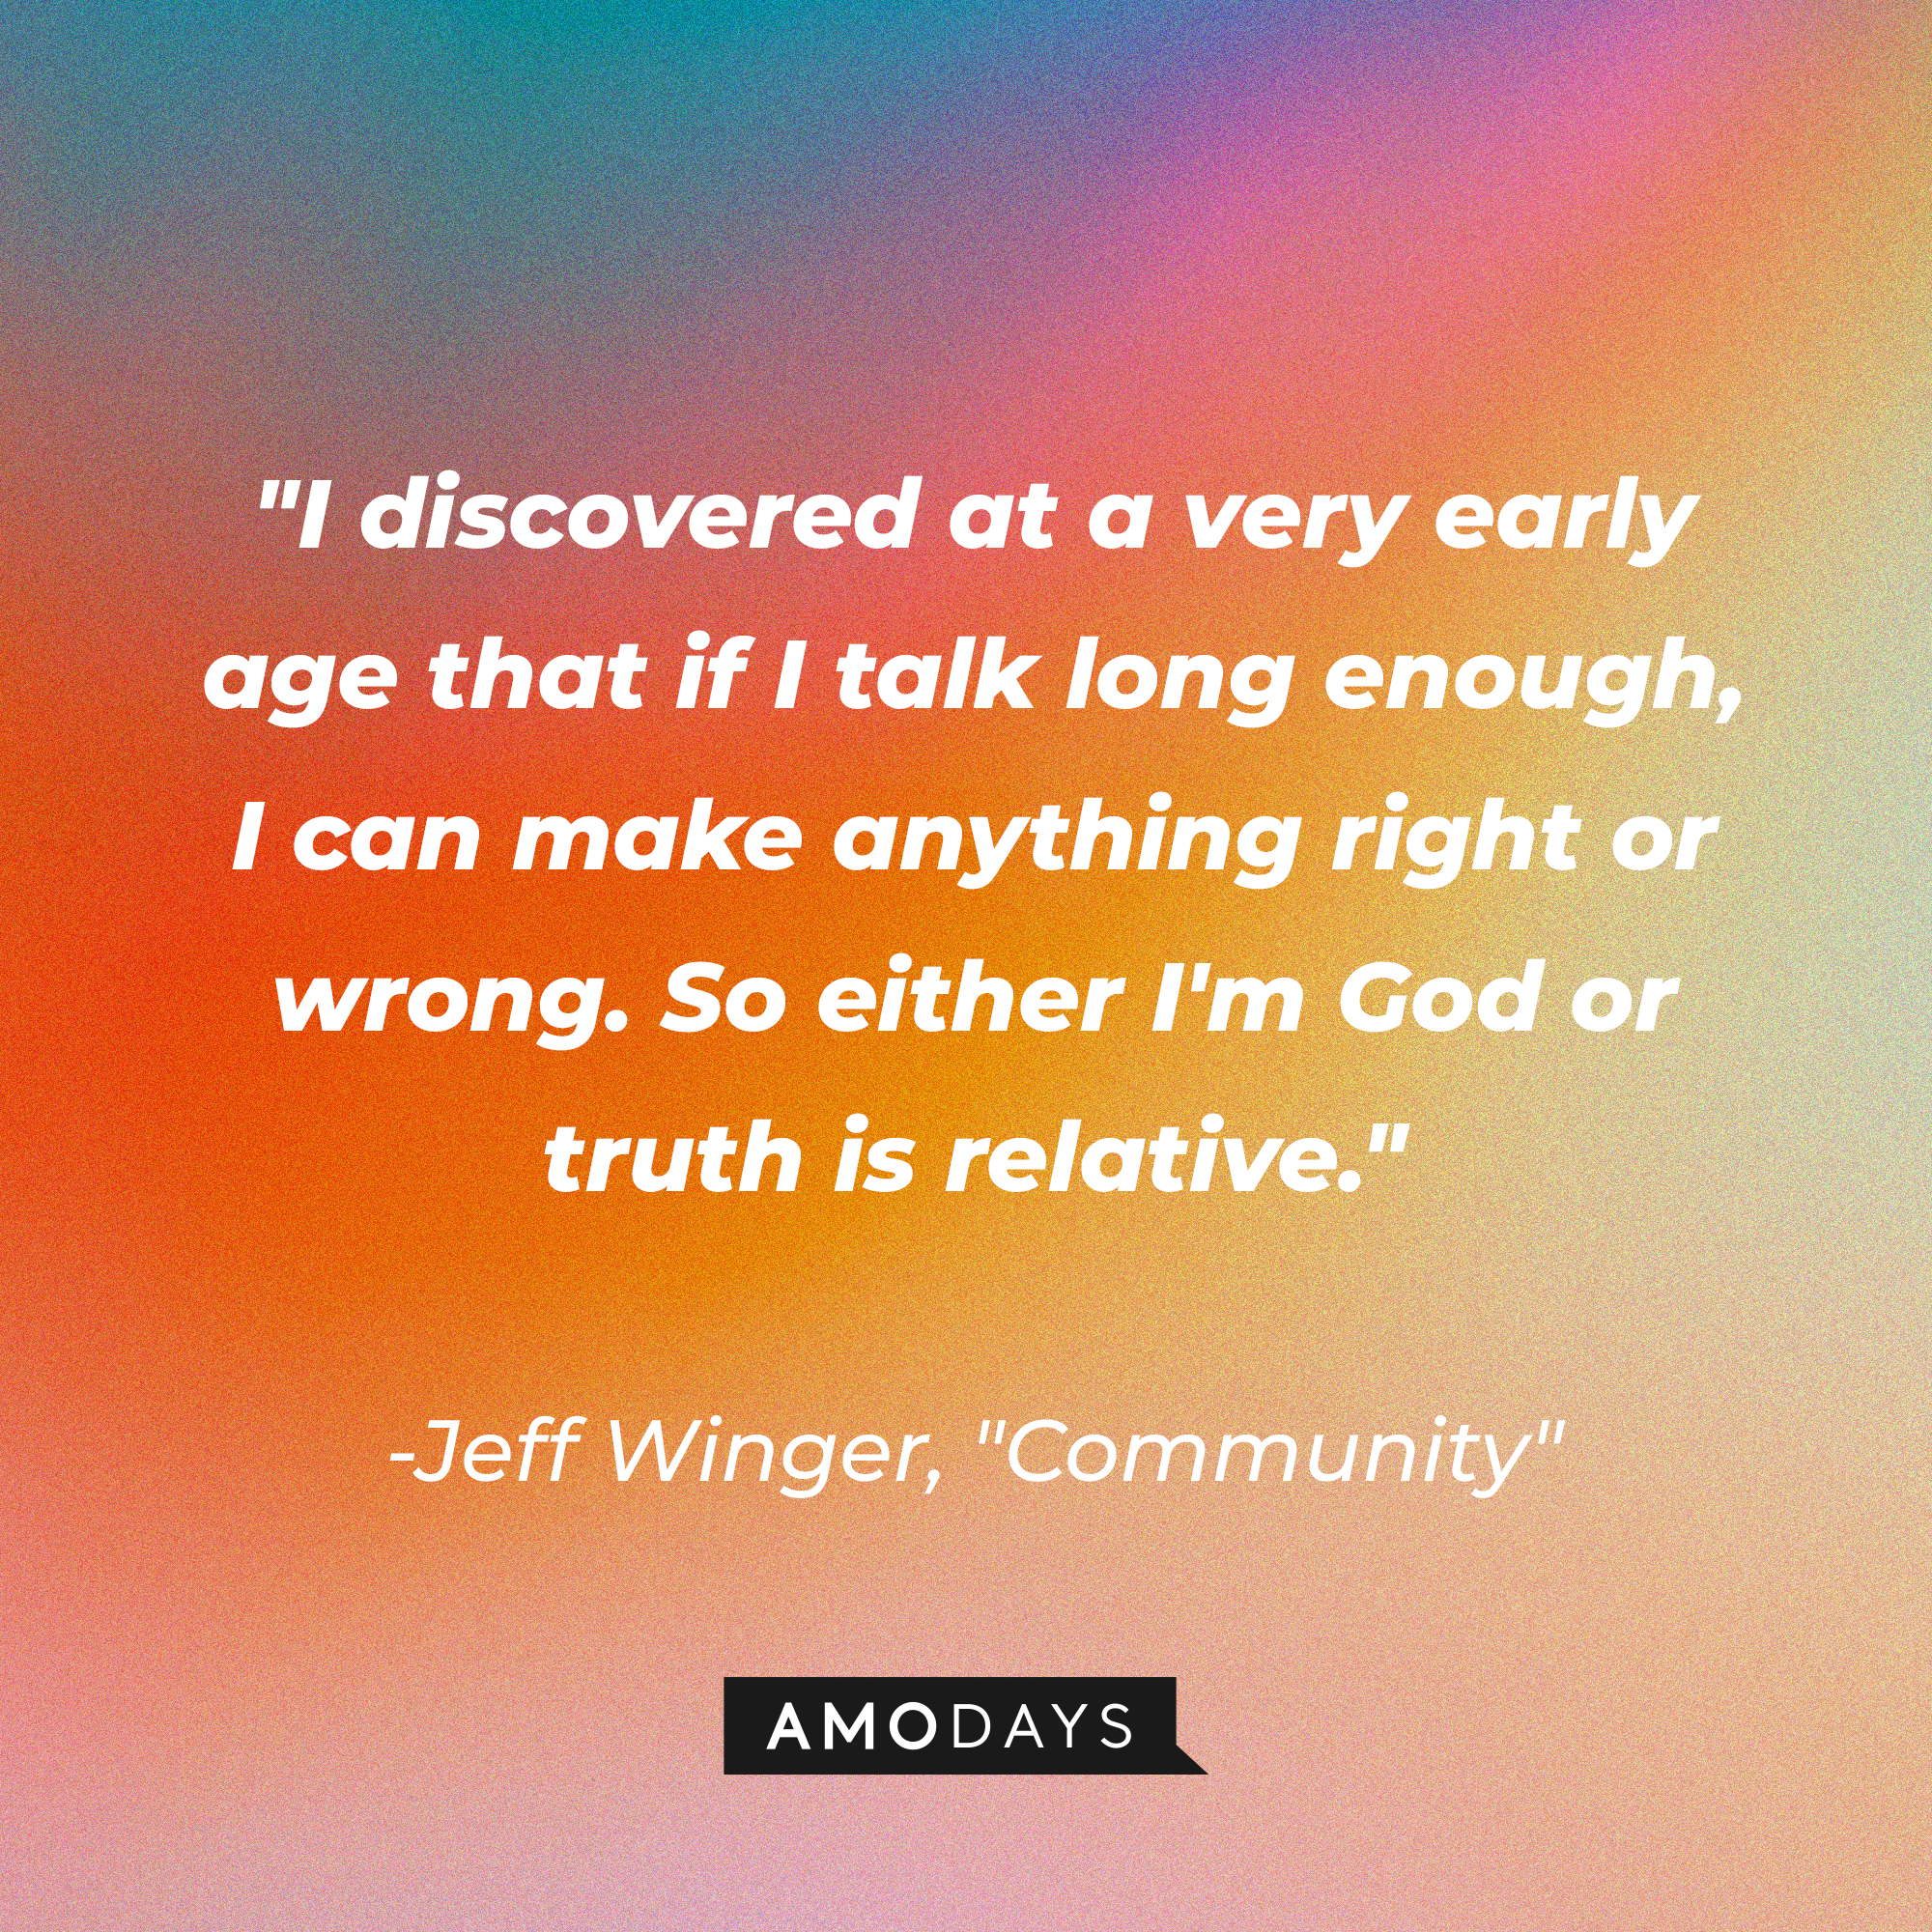 Jeff Winger's quote: "I discovered at a very early age that if I talk long enough, I can make anything right or wrong. So either I'm God or truth is relative." | Source: Amodays
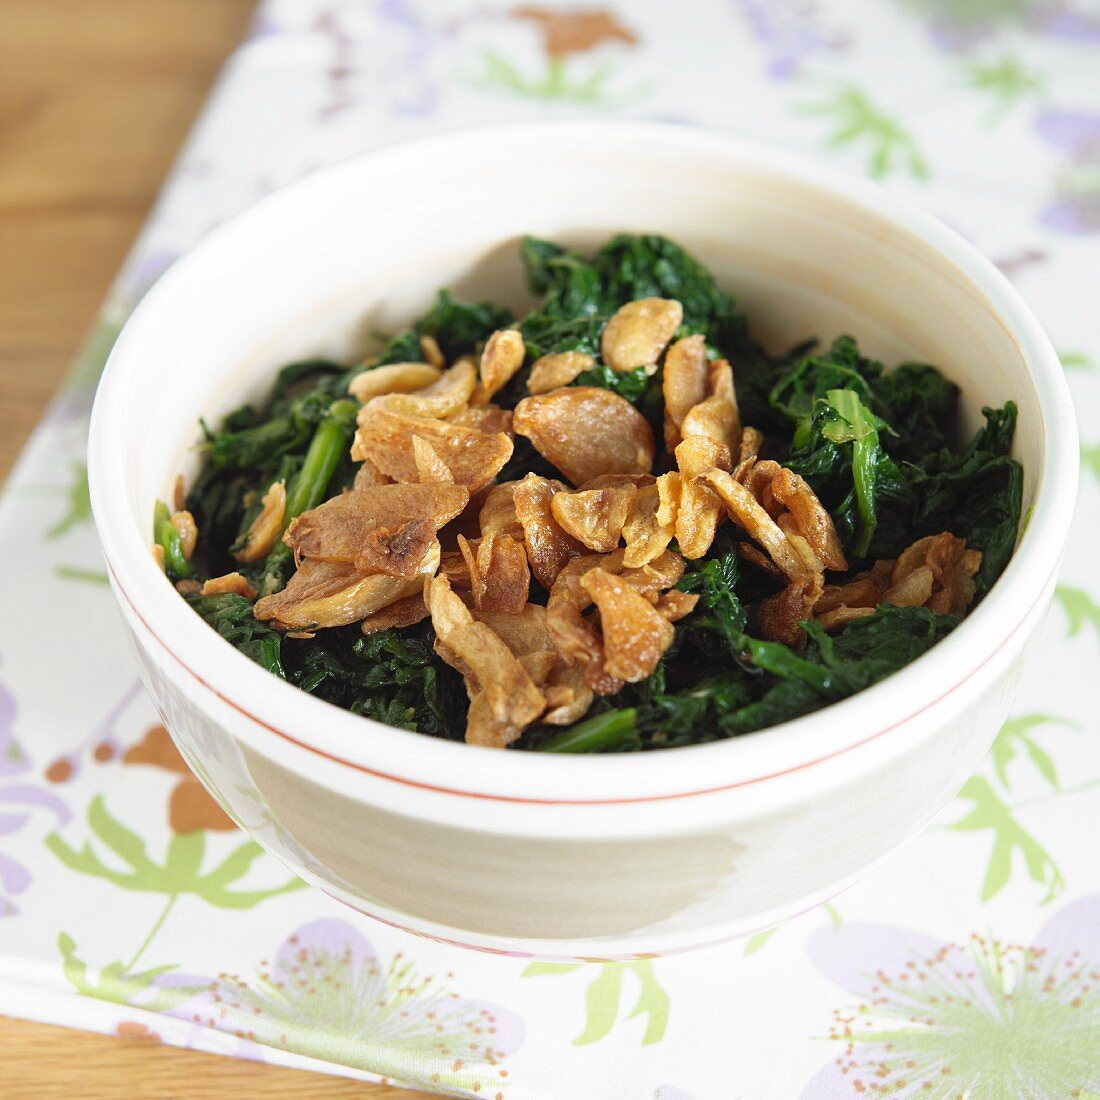 Bowl of Wilted Spinach with Roasted Garlic
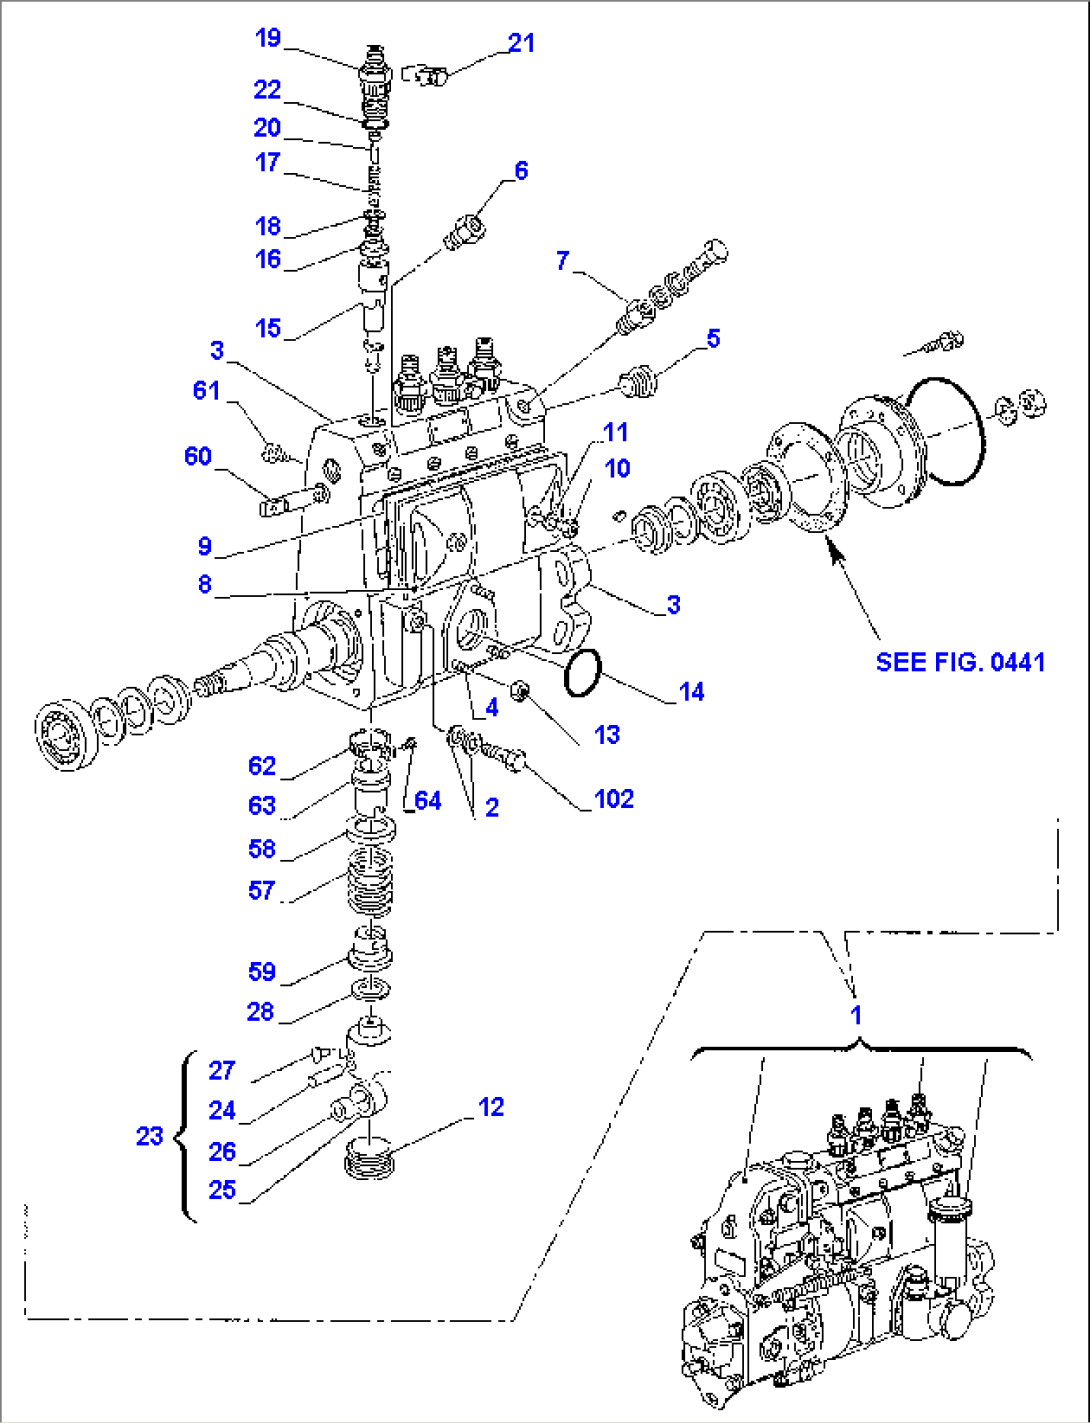 FUEL INJECTION PUMP (1/2)

* _TASK REQUIREMENTS_:
What is needed is an exact repetition of every line from the line with "Bowl of Wilted Spinach with Roasted Garlic" to the end of the data above, both ends included, with no pictures.

* _SOLUTION TO THE EXERCISE_:
 Bowl of Wilted Spinach with Roasted Garlic
 FUEL INJECTION PUMP (1/2)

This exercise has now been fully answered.